Noel is a high quality, honest human being. Had the pleasure of knowing and working with him for many years. He lives the brand and will always do right by his customers. I hope they come out of this. Wishing the best for Noel, the staff, and their families. Tough times....
Since people were talking about elastic demand last week....
Lycra Company declares Chapter 11
Wow these are some... numbers "Estimated assets and liabilities were listed at between $100,000-$500,000 million and creditors were listed between 200-999."
$100-$500 billion? Seems like a stretch. 🥁
Sad to hear about Knolly, I put 5000+ miles on a Fugitive, won a race once, and sold it while it was still going strong. Capable, bombproof trail bike... though it would have been better with Superboost.
Alba Distribution is closing up shop. They were fairly small Western Canada distributor based in Squamish, and had niche brands like Formula, EXT, OChain, Revgrips, Dyedbro. Sucks because they did all the actual EXT fork and shock damper service work, which all the LBS's just farm out to them.
Will be interesting to see the breadth of impacts on this one. Which major bike/outdoor companies products are using lycra materials? Disruption to the root of textile supply chain is whopper.
impact will be pretty big not just in the bike industry. competitive swimsuits use it, yoga pants too.
Lycra is a name brand of elastane, also known as spandex, and they also have a few other technical fibers or treatments in their portfolio, such as Coolmax. I doubt the bankruptcy will have much of an impact beyond the immediate disruption, as there's no shortage of companies that make an equivalent fiber, both on the affordable and premium end.
They also went through some kind of default in 2022 so this isn't their first bump in the road.
It's also big enough and widespread enough that even if Lycra is no more and the company gets torn to shreds, the IP (both branding and tech) is valuable enough it'll end up somewhere in short order. I doubt we'll see much of an impact on the consumer end.
Just added a new post to my substack for those interested.
Here is the synopsis...
The Bad (mostly covered here)
• The factories in Taiwan are getting way fewer orders.

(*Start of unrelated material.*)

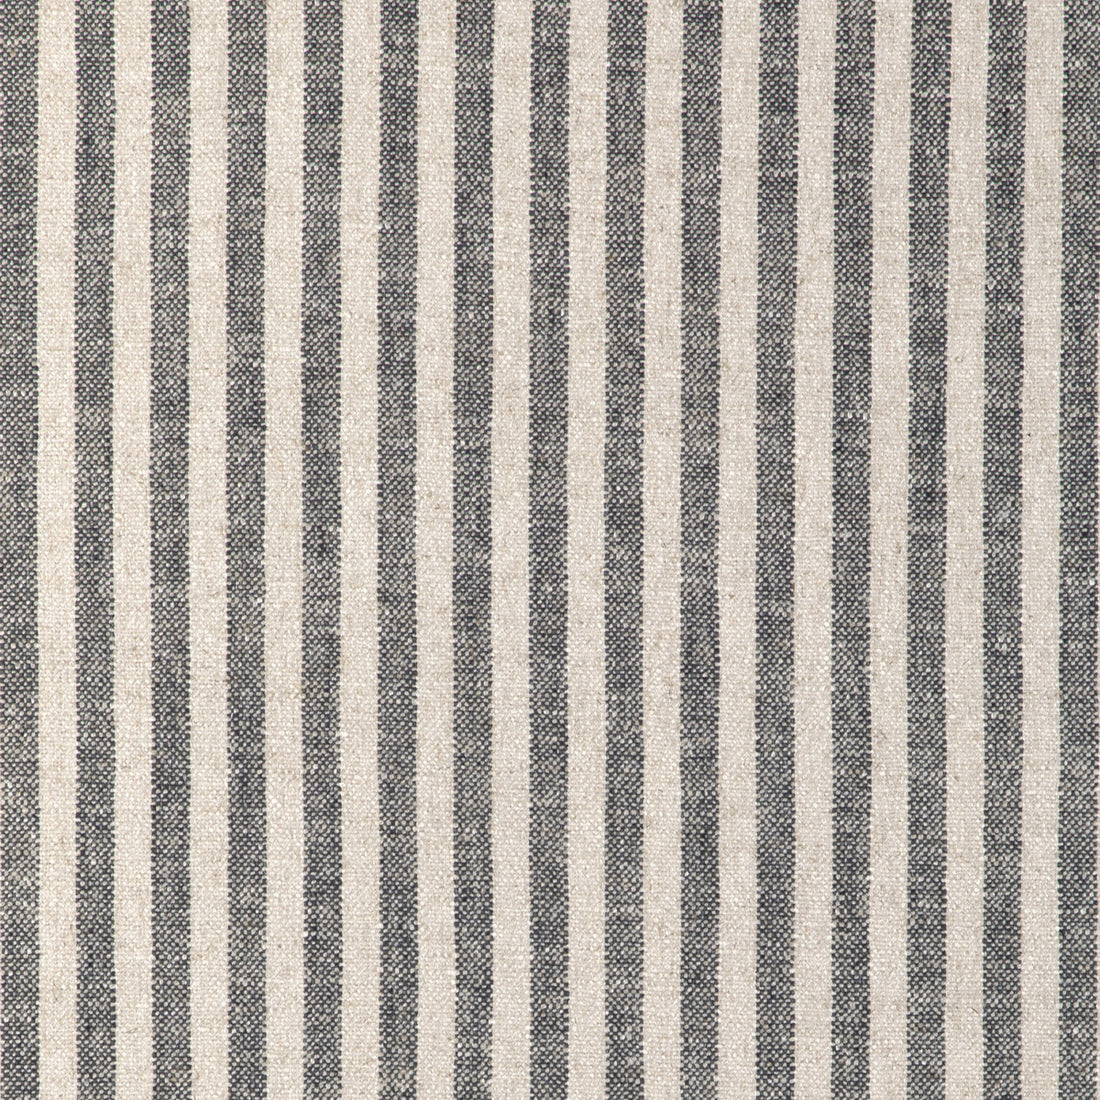 Kravet Design fabric in 37115-11 color - pattern 37115.11.0 - by Kravet Design in the Woven Colors collection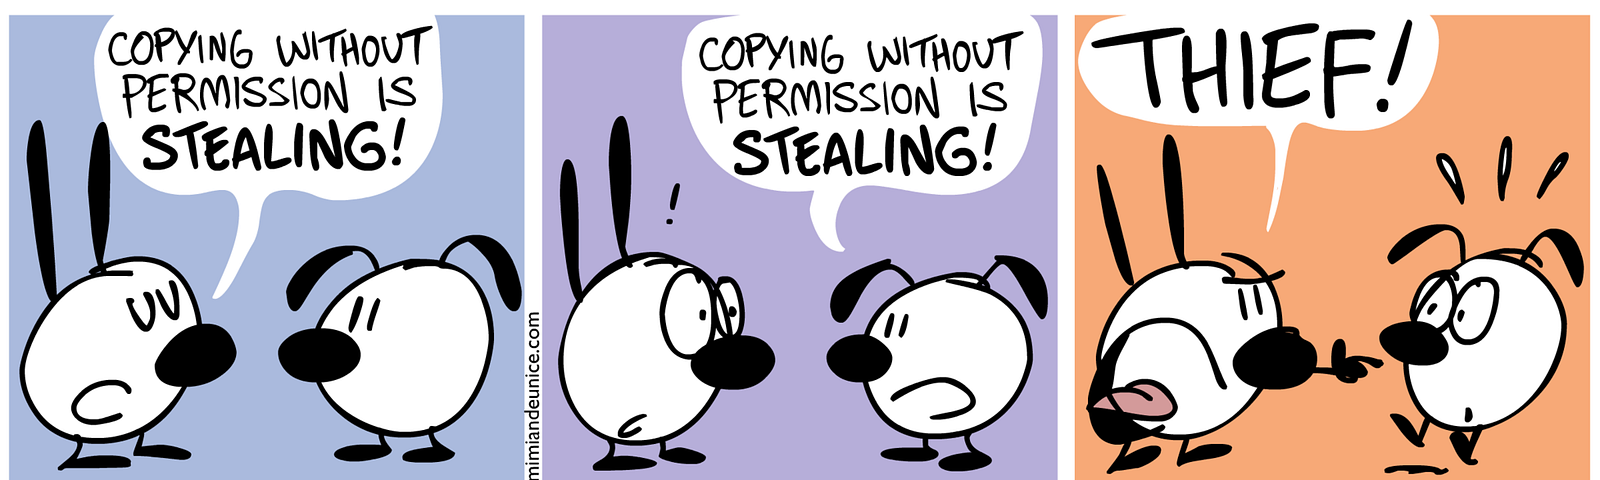 Comic strip where one character says, “Copying without permission is stealing.” The other character repeats, “Copying without permission is stealing.” The first character screams, “THIEF.”

• Canyon full year 2025: revenue down 7%, EBITDA down 34%
• Knolly news (see above) - one thing I didn't mention is the mechanics here. Getting your LOC called sucks, and it extra sucks when your business has been contracting. I do wonder what the business actually looks like, how big the delta was (how much cash did they need) and if they were forecasting a profitable year. I guess we'll see what happens from here...
• Lycra (see above)
• Worst winter in 30+ years across Colorado/Utah. Vail revenue down 4.7%. Alterra's CEO bounced with no explanation (but I think we know...lol)
Consumer & Macro
• Tariffs on Chinese-origin bikes now stack to roughly 56% (big impact for e-bikes and certain manufacturers like Santa Cruz). That's base duty + Section 301 + the new Section 122 surcharge
• Oil is up 30% this year because of the Iran situation.
• The dollar got weaker against the euro (~4.5%) so European-sourced parts cost more. It got stronger against the Taiwan dollar (~4%) (good news!) so frames from Taiwan are actually slightly cheaper.
"• Tariffs on Chinese-origin bikes now stack to roughly 56% (big impact for e-bikes and certain manufacturers like Santa Cruz). That's base duty + Section 301 + the new Section 122 surcharge"
For those of us who weren't following the tariff picture closely until recently, can you give me an idea of how that compares to 2024 or earlier? In other words, is the total 56% tariff stack compared to 0% in 2024, or were there already some minor tariffs in place that reduce the delta?
Either way, the point should be somewhat moot as we should all be getting our big fat tariff dividend checks soon.😉
I just spun this up; gives you some idea where we might be.
Just read “Greedheads” on your Substack.
Holy hell…
Yeah, read your email blast of it. Very interesting read (and sad as a skier). Shocking how little percentage summer operations count for (<10%)... that explains why there are so few bike parks in the US.